The limitation on liability and indemnification provisions in our certificate of incorporation and bylaws may discourage stockholders from bringing a lawsuit against directors for breach of their fiduciary duty. These provisions may also have the effect of reducing the likelihood of derivative litigation against directors and officers, even though such an action, if successful, might otherwise benefit us and our stockholders. In addition, your investment may be adversely affected to the extent we pay the costs of settlement and damage awards against directors and officers pursuant to these indemnification provisions.
Exchange Listing
Our common stock is listed on The Nasdaq Global Select Market under the symbol “AFIB.”
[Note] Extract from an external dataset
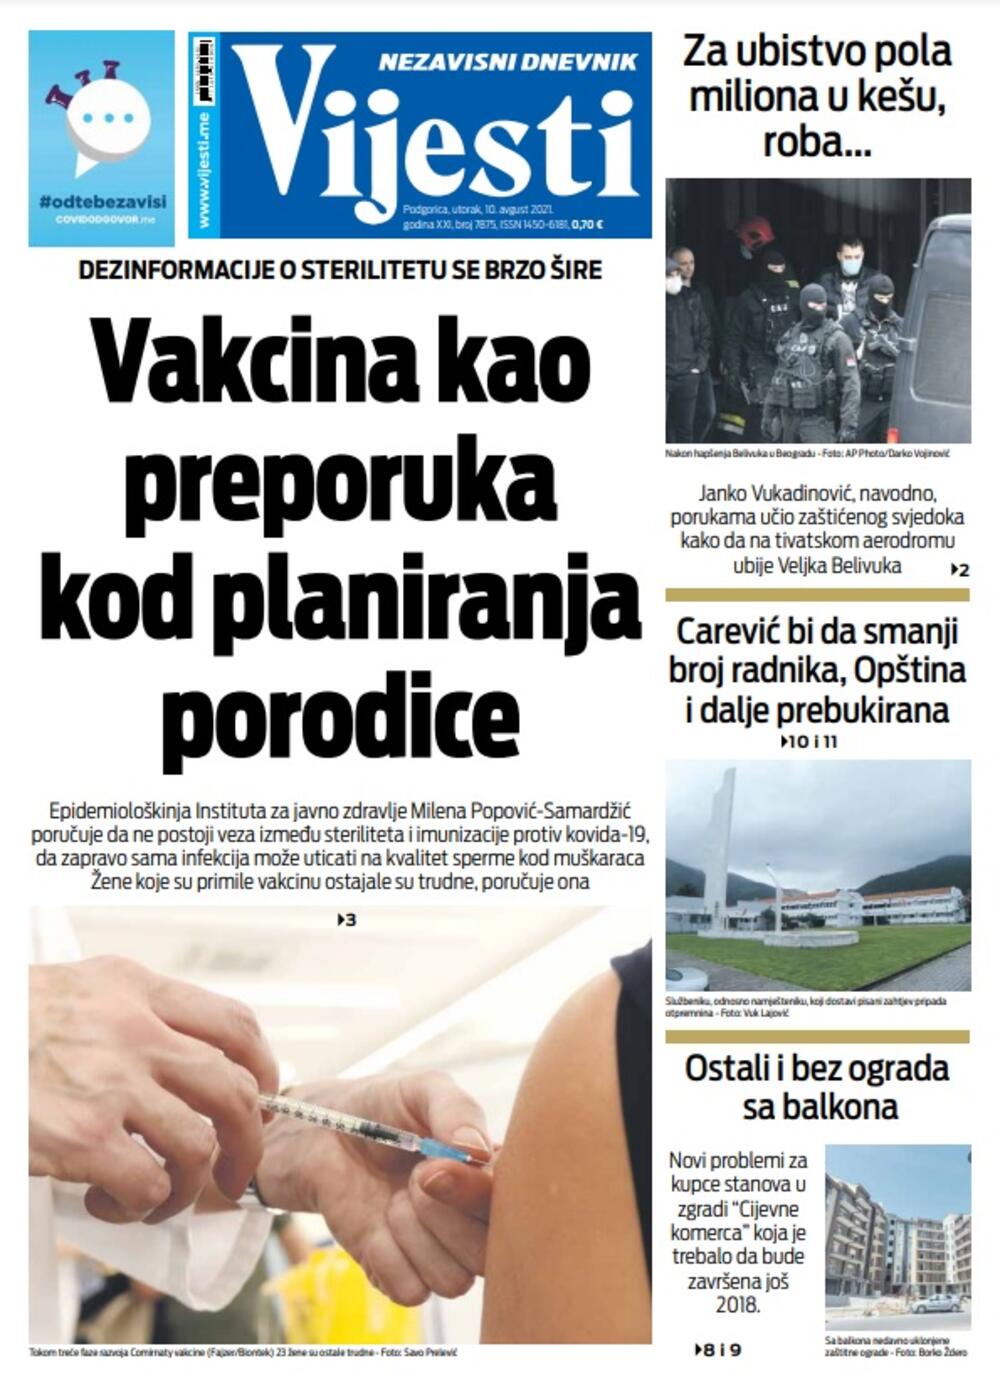 Naslovna strana "Vijesti" za 10. avgust 2021., Foto: Vijesti

Transfer Agent and Registrar
The transfer agent and registrar for our common stock is Computershare Trust Company, N.A. The transfer agent and registrar’s address is 250 Royall Street, Canton, Massachusetts 02021.
Selling Stockholders
This prospectus covers the offering for resale from time to time, in one or more offerings, of up to 16,537,961 shares of our common stock (including an aggregate of up to 4,545,698 shares of common stock issuable upon exercise of outstanding Warrants, an aggregate of up to 6,665,841 shares of common stock issuable upon conversion of our Series A Common Equivalent Preferred Stock and an aggregate of up to 29,650 shares of common stock issuable upon exercise of options) by the selling stockholders. The term “selling stockholders” includes the stockholders listed below and their transferees, pledges, donees or other successors-in-interest who may acquire shares from a selling stockholder as a gift, pledge, partnership distribution or other non-sale related transfer after the date of this prospectus. Information concerning the selling stockholders may change after the date of this prospectus and changed information will be presented in a supplement to this prospectus if and when required.
The table below sets forth (i) the name of each selling stockholder, (ii) the number of shares of common stock beneficially owned by each selling stockholder as of June 30, 2022, (iii) the number of shares of common stock offered by each selling stockholder hereunder, (iv) the number of shares of common stock beneficially owned by each selling stockholder following the completion of this offering (assuming each selling stockholder sells all of the shares of our common stock covered by this prospectus), and (v) the percentage of common stock beneficially owned by each selling stockholder following the completion of this offering (assuming each selling stockholder sells all of the shares of our common stock covered by this prospectus), based on 28,349,200 shares of our common stock outstanding as of June 30, 2022.
The selling stockholders are not making any representation that any shares of common stock covered by this prospectus will be offered for sale. Because each selling stockholder may dispose of all, none or some portion of the shares of common stock covered by this prospectus, no estimate can be given as to the number of shares that will be beneficially owned by a selling stockholder upon termination of this offering. In addition, the selling stockholders may have sold, transferred or otherwise disposed of their shares of common stock in transactions exempt from the registration requirements of the Securities Act after the date on which the information in the table is presented. For purposes of the table below, however, we have assumed that after termination of this offering, none of the shares of common stock registered for resale under this prospectus will be beneficially owned by the selling stockholders, and we have further assumed that the selling stockholders will not acquire beneficial ownership of any additional shares of common stock during this offering.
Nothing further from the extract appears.